Sustainable Finance Roundup February 2026: Disclosure, Carbon Trade, and Transition Economics
This month’s sustainability roundup traces a rapidly evolving landscape in climate governance and industrial transition, highlighting the convergence of ISSB-aligned disclosure standards and emerging carbon trade measures alongside shifting cost curves in transport and critical minerals. It underscores how tighter emissions accounting and border policies are embedding carbon competitiveness into capital allocation, while advances in electrification, AI-driven power demand and expanding legal accountability are integrating climate and nature risk into mainstream financial decision-making.
AUTHORS
Each month, we gather standout sustainable finance articles from our favourite writers. This curated selection brings together the most engaging ideas, timely analyses, and fresh perspectives published over the past month, so you can catch up on what mattered most.
Photo by Anne Nygård on Unsplash

Top 10 Sustainability Markers – February 2026
Terence Jeyaretnam
In his February 2026 “Top 10 Sustainability Markers”, Terence Jeyaretnam maps the accelerating integration of climate and nature into disclosure architecture, trade policy, corporate law and financial governance. The month’s developments point to a structural shift: sustainability is moving from narrative reporting to enforceable, system-level regulation embedded within capital allocation and enterprise risk management.
Key points:
Global disclosure convergence accelerates
- The UK formally released UK SRS S1 and S2, aligned to the ISSB baseline (IFRS S1 and S2), reinforcing international comparability across governance, strategy, risk management, metrics and targets. Disclosure architecture is consolidating around a common global framework.
Carbon leakage moves to the centre of industrial strategy
- Australia’s final Carbon Leakage Review examines competitiveness risks for emissions-intensive, trade-exposed sectors including aluminium, steel, LNG, cement and chemicals. With the EU’s CBAM entering its transitional phase and similar mechanisms progressing in the UK and Canada, carbon policy is now inseparable from trade exposure, capital expenditure planning and export market access.
GHG accounting standards tighten
- Forthcoming GHG Protocol revisions signal stricter boundary definitions for joint ventures, franchises and operational control. The new Land Sector and Removals Standard establishes clearer rules for nature-based and technological removals, raising expectations around measurement integrity, baselines and auditability.

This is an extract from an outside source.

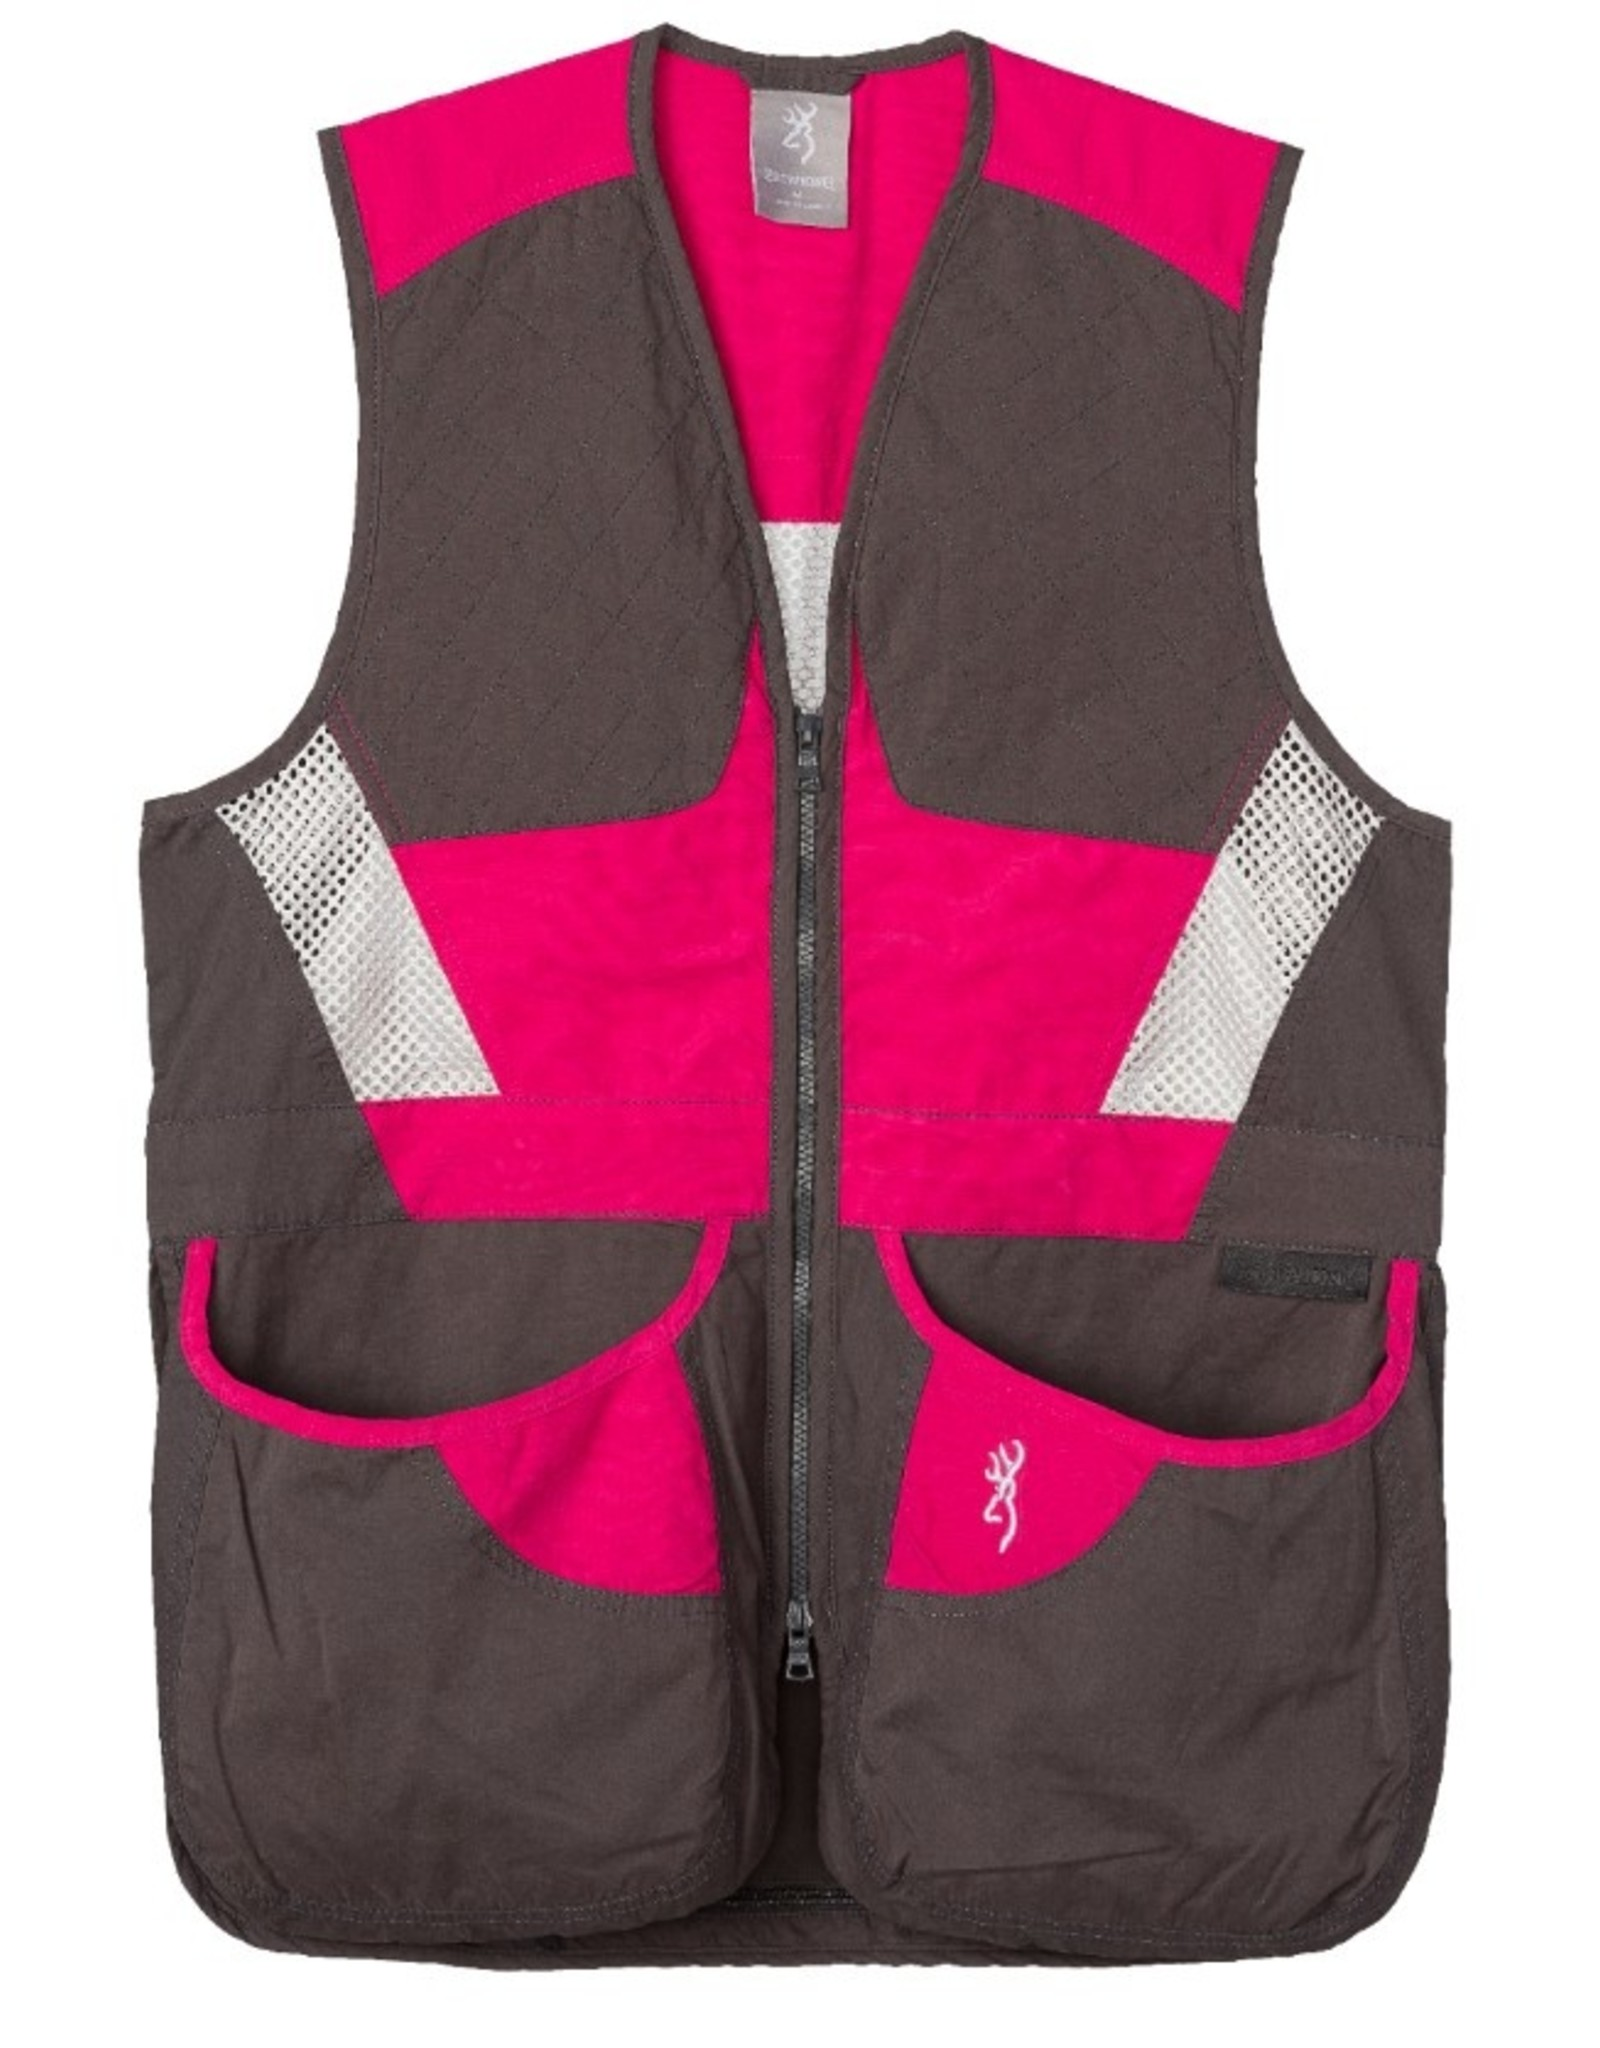 Browning Summit Vest Smoke/Hot Pink - MED

Modern slavery framework shifts toward due diligence
- Australia’s Anti-Slavery Commissioner has recommended moving beyond transparency-only reporting to mandatory, risk-based due diligence with potential enforcement powers, aligning with emerging global supply-chain regulation and increasing compliance exposure.

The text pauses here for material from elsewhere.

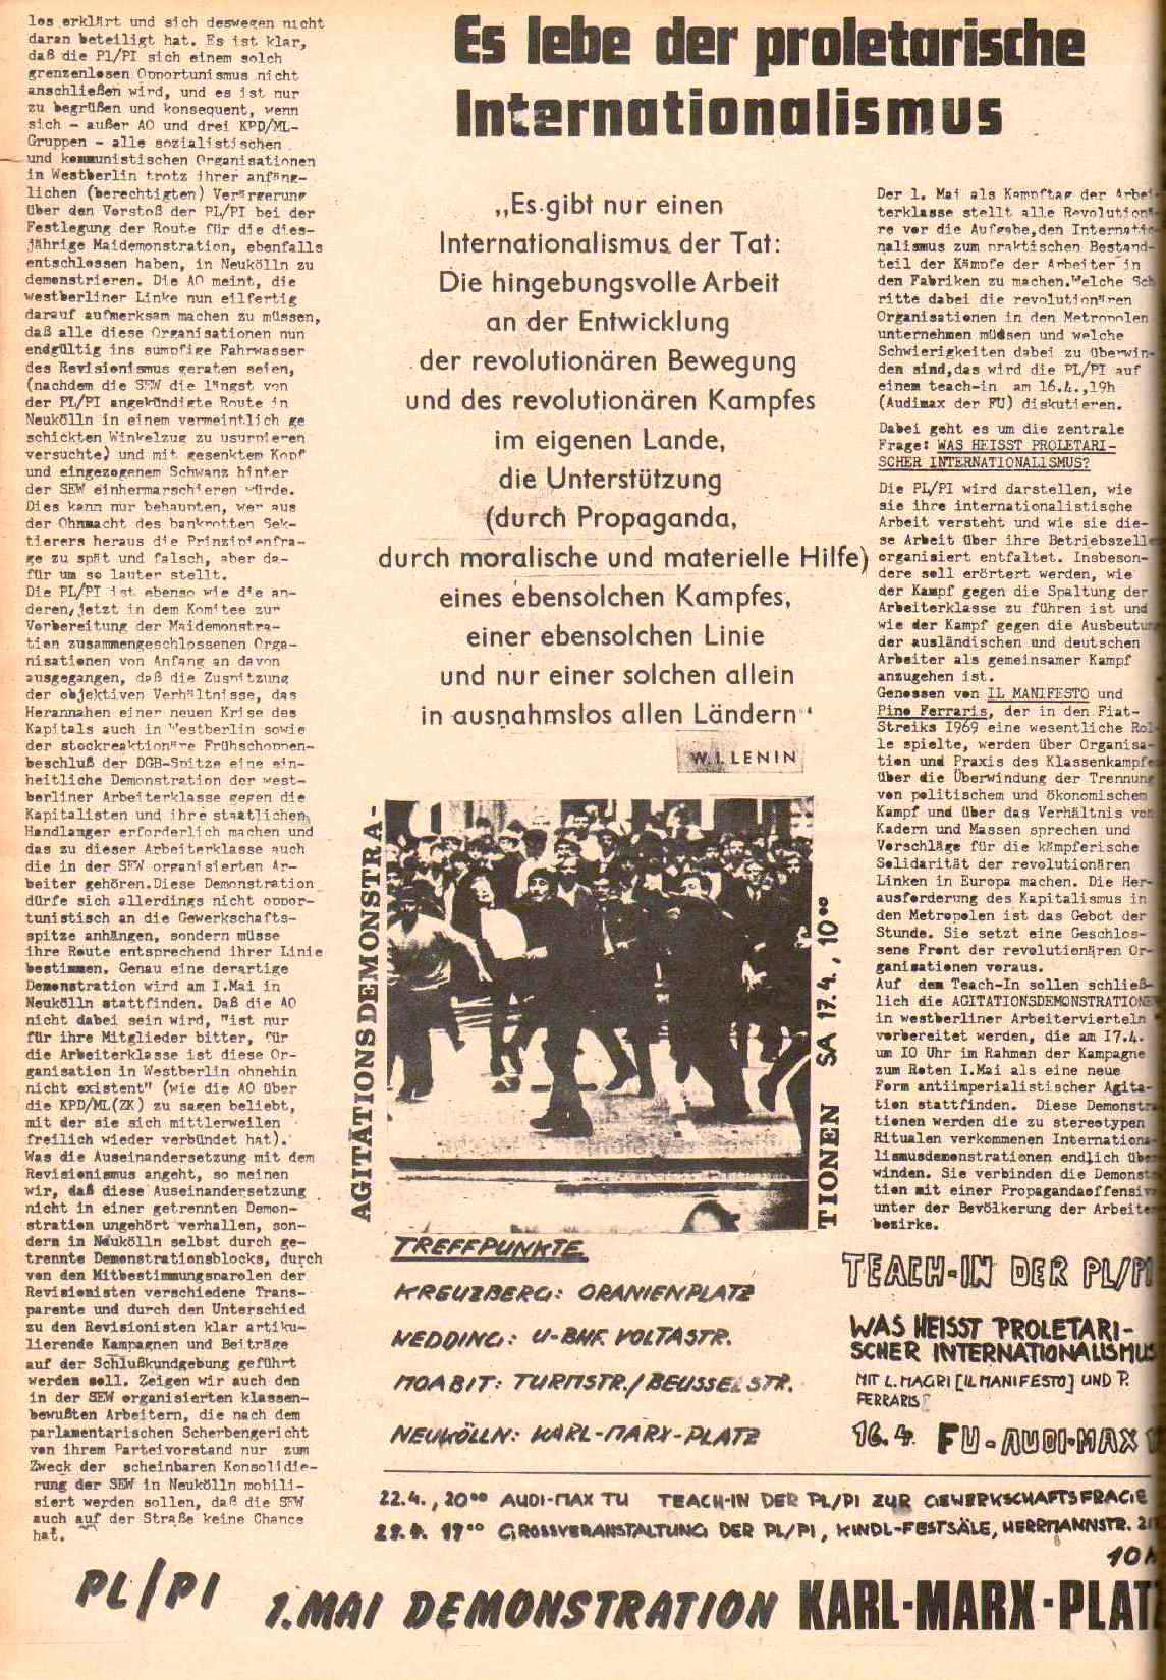 Berlin_Hochschulkampf_1971_06_12

China’s emissions plateau draws scrutiny
- Analysis indicates China’s CO₂ emissions have been flat or falling for 21 consecutive months, potentially signalling a structural shift in global emissions trajectories, driven in part by renewable expansion and economic dynamics.
‘Beyond GDP’ gains multilateral backing
- More than 150 countries have supported UN-led calls for economic metrics that better capture biodiversity loss, ecosystem degradation and long-term resilience, signalling rising institutional support for nature-inclusive economic frameworks.
High Seas Biodiversity Treaty advances
- Australia introduced legislation to ratify the High Seas Biodiversity Treaty, formalising mechanisms for marine protected areas and environmental impact assessment beyond national jurisdiction—strengthening global ocean governance.
Nature-related directors’ duties crystallise
- Legal analysis across the UK, Australia, Canada and the EU reinforces that directors’ duties increasingly encompass material biodiversity and ecosystem risks. Nature is shifting from a CSR adjacency to a core governance obligation with potential liability implications.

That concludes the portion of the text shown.